К оглавлению1 2 3 4 5 6 7 8 9 10 11 12 13 14 15 16 
17 

Ксенофан из Колофона, как следует из названия его родного города, был, подобно Пифагору, выходцем из Ионии. Из противоречивых сведений о времени его жизни следует во всяком случае, что он жил очень долго - не менее 92 лет (фр. 8). Он был современником Анаксимандра, Анаксимена, Пифагора, Гераклита и молодого Парменида. Будучи по профессии странствующим поэтом, он еще в молодости покинул Колофон (возможно, после захвата его персами) и переселился в западную часть греческого мира, где проживал в различных городах Сицилии и Южной Италии.

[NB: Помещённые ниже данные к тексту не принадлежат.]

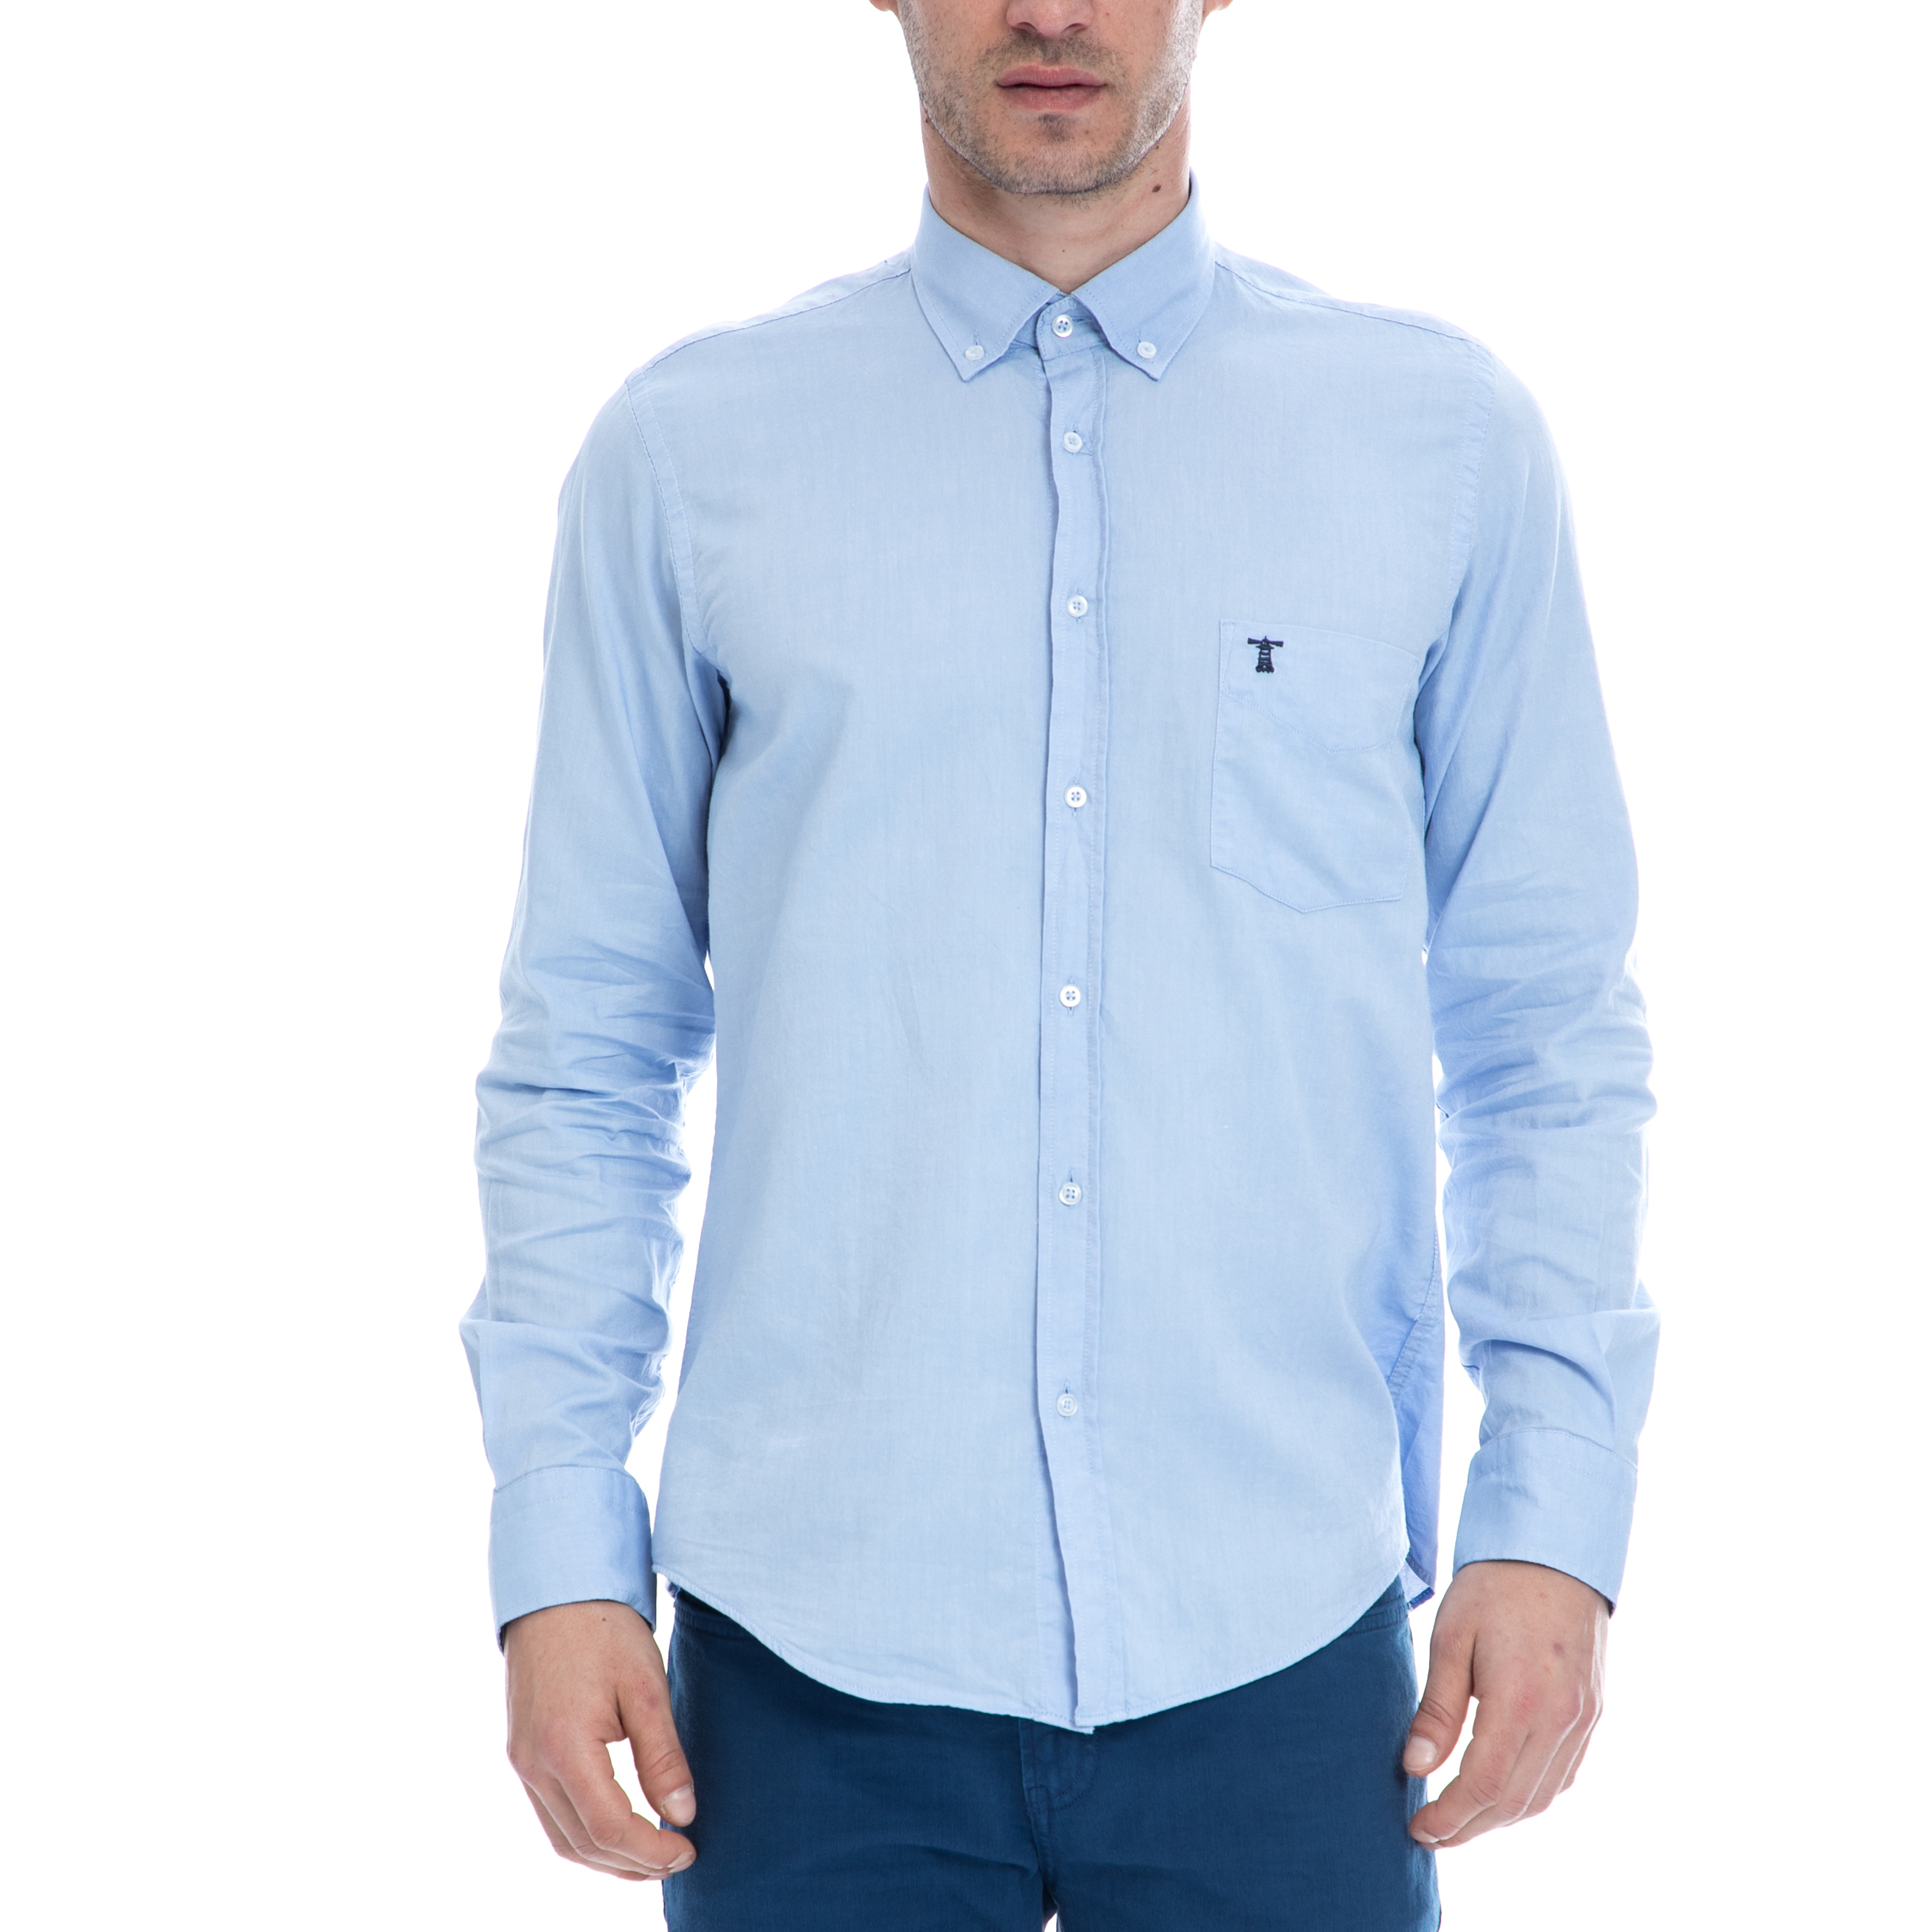 HAMPTONS - Ανδρικό πουκάμισο HAMPTONS γαλάζιο μακρυμάνικο

Поэтическое творчество Ксенофана было многообразным. Он писал элегии, ямбы и поэмы, от которых до нас дошли многочисленные отрывки. Одна из его застольных песен привлекла внимание Пушкина, который переложил ее русскими стихами ("Чистый лоснится пол..."). Из его эпических поэм Диоген Лаэртий называет "Основание Колофона" и "Выселение в Элею Италийскую". В эпоху поздней античности особой популярностью пользовались короткие стихотворения - эпиграммы (так называемые силлы) Ксенофана, в которых он высмеивал традиционные представления о богах как о существах, во всем подобных смертным людям. Он резко критиковал Гомера и Гесиода за то, что они приписывали богам поступки, которые у людей считаются предосудительными и позорными: воровство, прелюбодеяние, взаимный обман (фр. 11). По мнению людей, боги рождаются, имеют человеческий облик и носят одежду (фр. 14). Короче говоря, люди создают богов по своему образу и подобию. Так, эфиопы представляют богов черными и с приплюснутыми носами, а фракийцы - рыжими и голубоглазыми (фр. 16). Если бы коровы и лошади имели руки и могли бы изображать богов, то у коров боги были бы во всем подобны коровам, а у лошадей - лошадям (фр. 15). Для своего времени эти высказывания Ксенофана были очень смелыми и прогрессивными, производившими впечатление как на современников Ксенофана, так и на его позднейших читателей.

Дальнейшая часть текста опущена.